Uma bela lembrança que virou um lindo conto!!
Gostei muito!
Tudo bem por aí?
Beijos!
Ah, que lindo, amei ler amigo Carlos, essas histórias de infância nos dão alento por toda a vida, tenho tenho lindas lembranças da minha.
Amigo pisciano, és mesmo um pisciano nato pelo lado do bem, do amor, eu também!
A sensibilidade de alma é bem aguçada e adoramos contar histórias, ler, escrever, bem assim, acho que os blogs nos dão essa maravilhosa oportunidade, amo te ler por aqui!
Abraços bem apertados!
Maravilhoso texto!!
Beijos bom fim de semana
http://coisasdeumavida172.blogspot.pt/
Quer dizer que você é mineiro de Valadares? Faz exatamente 34 horas que saí daí. Vinha de Frei Inocêncio, onde fui passar umas horinhas com a família. Mas faz o seguinte: envie-me poemas seus, foto e dados biográficos para letrastaquarenses@yahoo.com.br Sou mineiro também e edito uma revista virtual a dez anos, promovendo sempre o que há de melhor na literatura brasileira. Lhe aguardo,
ACF
Oi amigo poeta!!
Tem dois selinhos para você lá no blog, se quiser pode pegar, ficaria muito feliz! Vim lhe desejar um excelente final de semana, beijos e fique com Deus!!
Carlos
achei o texto delicioso.
bom domingo
beijinho
:9
Oi Carlos, que bom que resolveu contar essa história, gostei de ler e ri muito aqui.
Um abraço e ótima semana!
CARLOS,
esta sua postagem tem aquele jeito que eu gosto!

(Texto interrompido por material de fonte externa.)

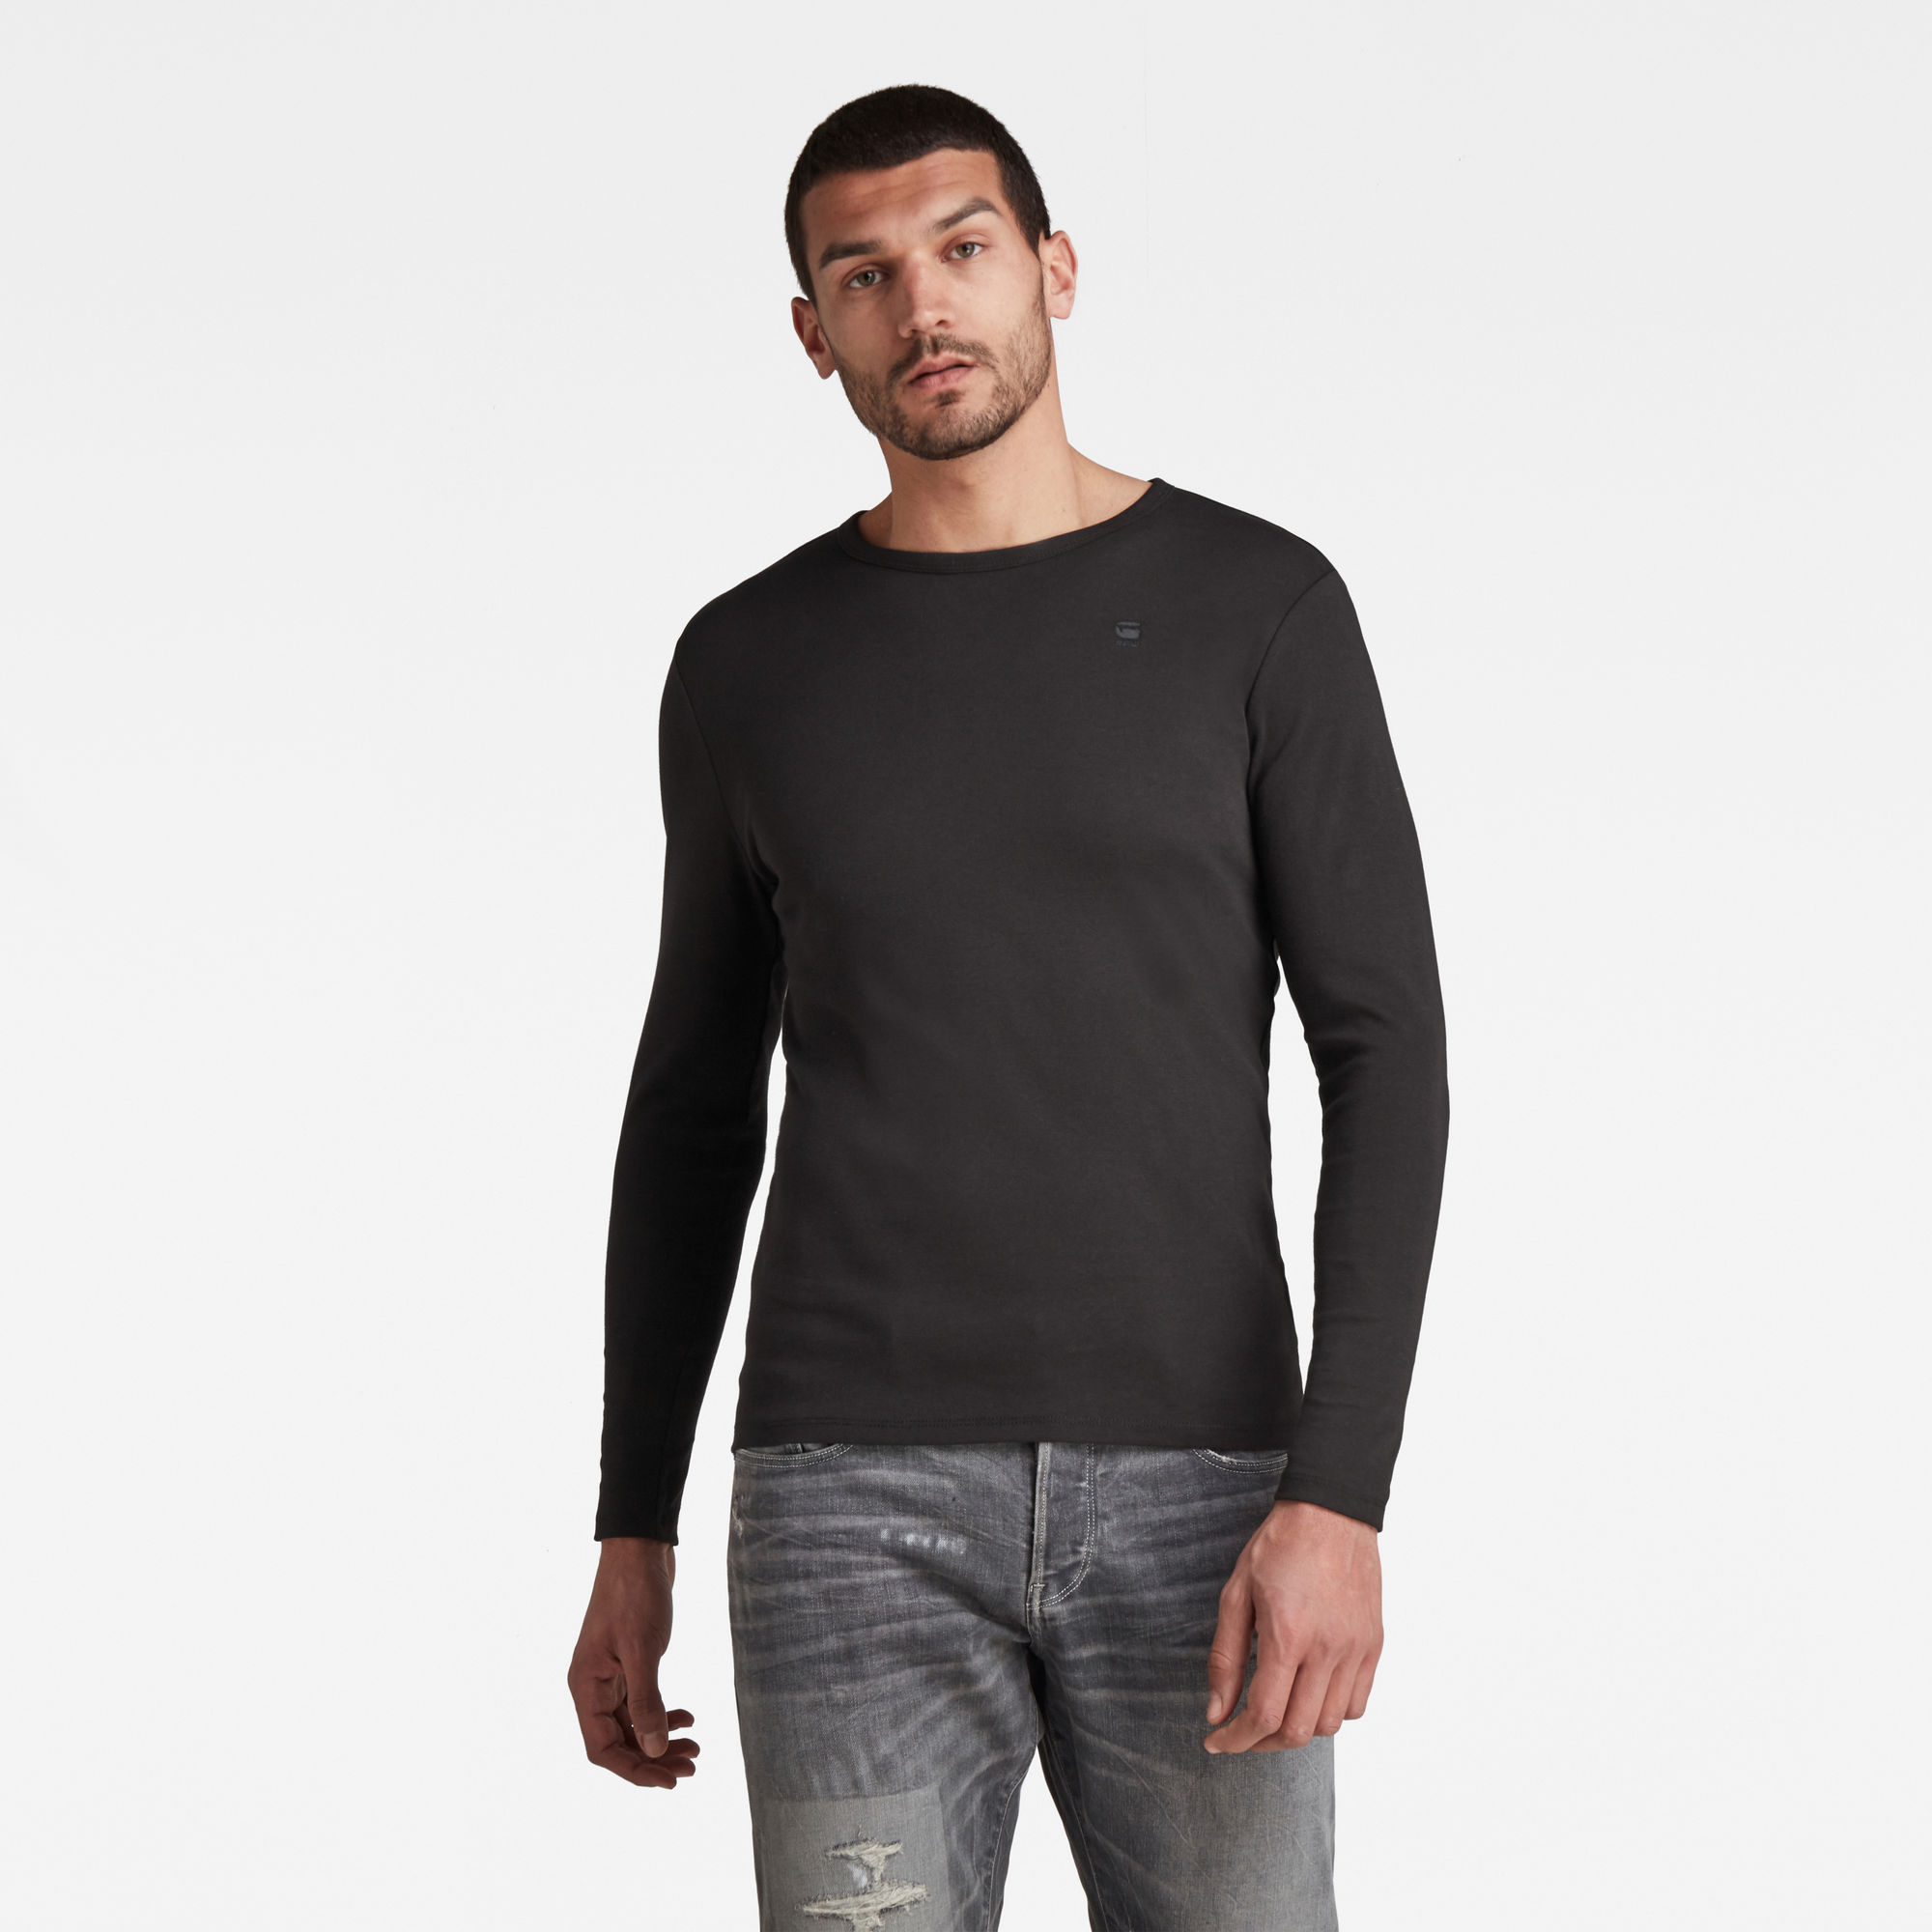 Van G Star Raw Basic Round Neck Long Sleeve T-Shirt Prijsvergelijk nu!

Trazer do cotidiano os fatos que possam ilustrar,dar forma a realidade e alegrar.
Formula perfeita.
Meus parabéns amigão!
E aquele costumeiro abração carioca.
Oí meu querido faz algum tempo que não teclava-mos um com o outro confesso que adorei ler a história do porquinho e da D. Maria, então era caso para dizer" lá vai a dona Maria, com o seu belo porquinho, leva os meninos há escola, faz as compras de caminho.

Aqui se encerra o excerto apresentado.